A crucial caveat to keep in mind is that refinancing federal student loans into a private loan means that you will lose many of the benefits of federal loans, such as income-based repayment plans and generous loan options. postponement and abstention.

You may not need these programs if you have a stable income and plan to pay off your loan quickly. But make sure you won’t need these programs if you’re thinking about refinancing federal student loans.

If you need the benefits of these programs, you can refinance only your private loans or only a portion of your federal loans.

Compare Student Loan Refinance Rates

Refinancing a student loan at the lowest possible interest rate is one of the best ways to reduce the amount of interest you will pay over the life of the loan.
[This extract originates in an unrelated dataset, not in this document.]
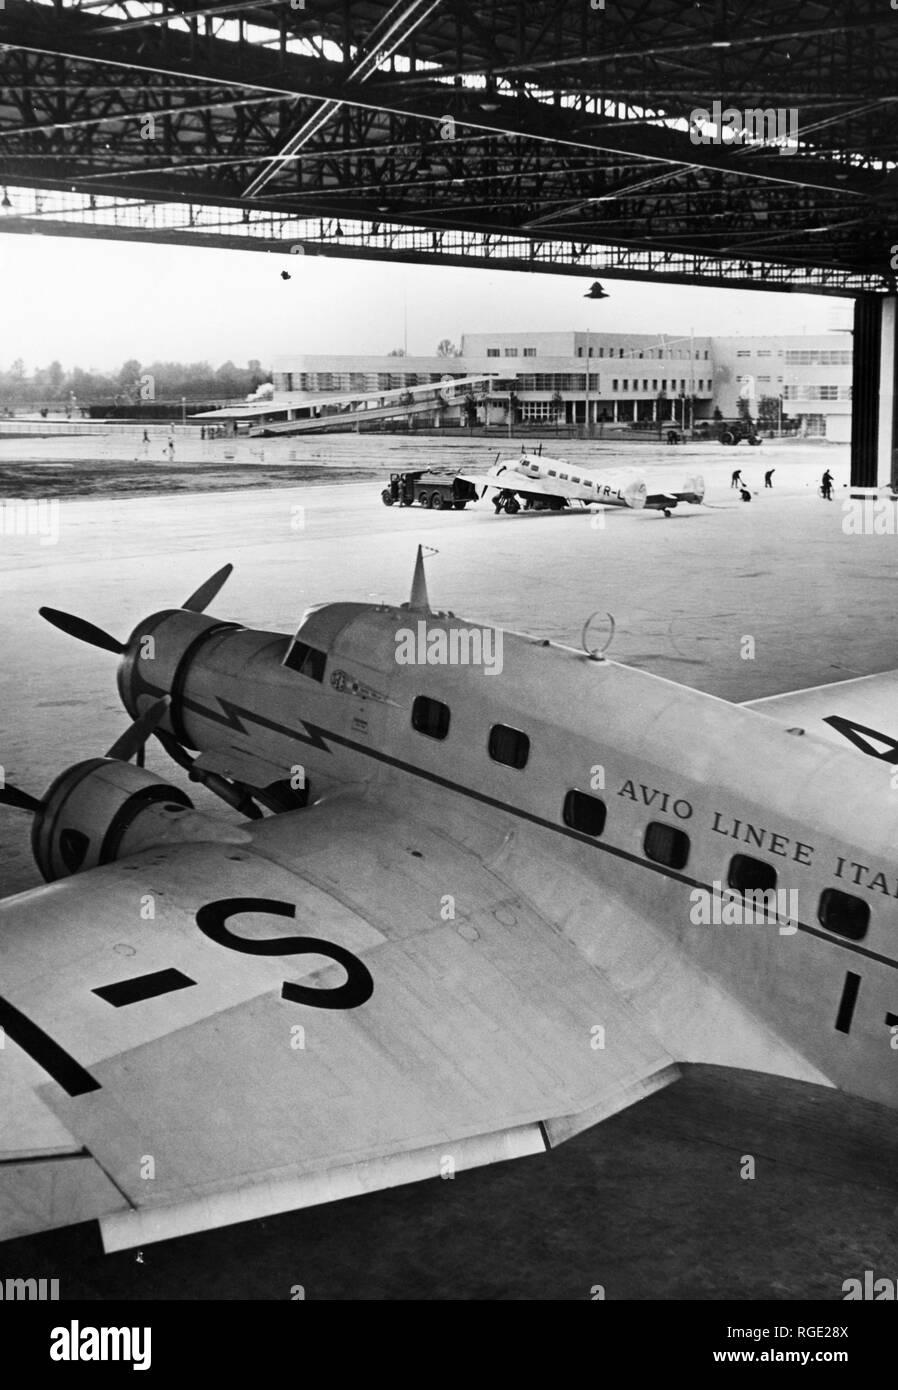 Italy, Milan, aircraft shed, linate, 1950-60 - Stock Image

You may find that variable rate loans start off lower than fixed rate loans. But because they are variable, they have the potential to increase in the future.

Fortunately, you can reduce your risk by paying off your new refinance loan quickly, or at least as quickly as possible. Start by choosing a short-term loan with a manageable payment. Then pay extra whenever you can. This can hedge your risk against possible rate increases.

Whether you choose a fixed or variable rate loan, it’s important to compare the rates of several lenders to make sure you don’t miss out on any savings. You may be able to benefit from interest rate reductions by opting for automatic payments or having an existing relationship with a lender.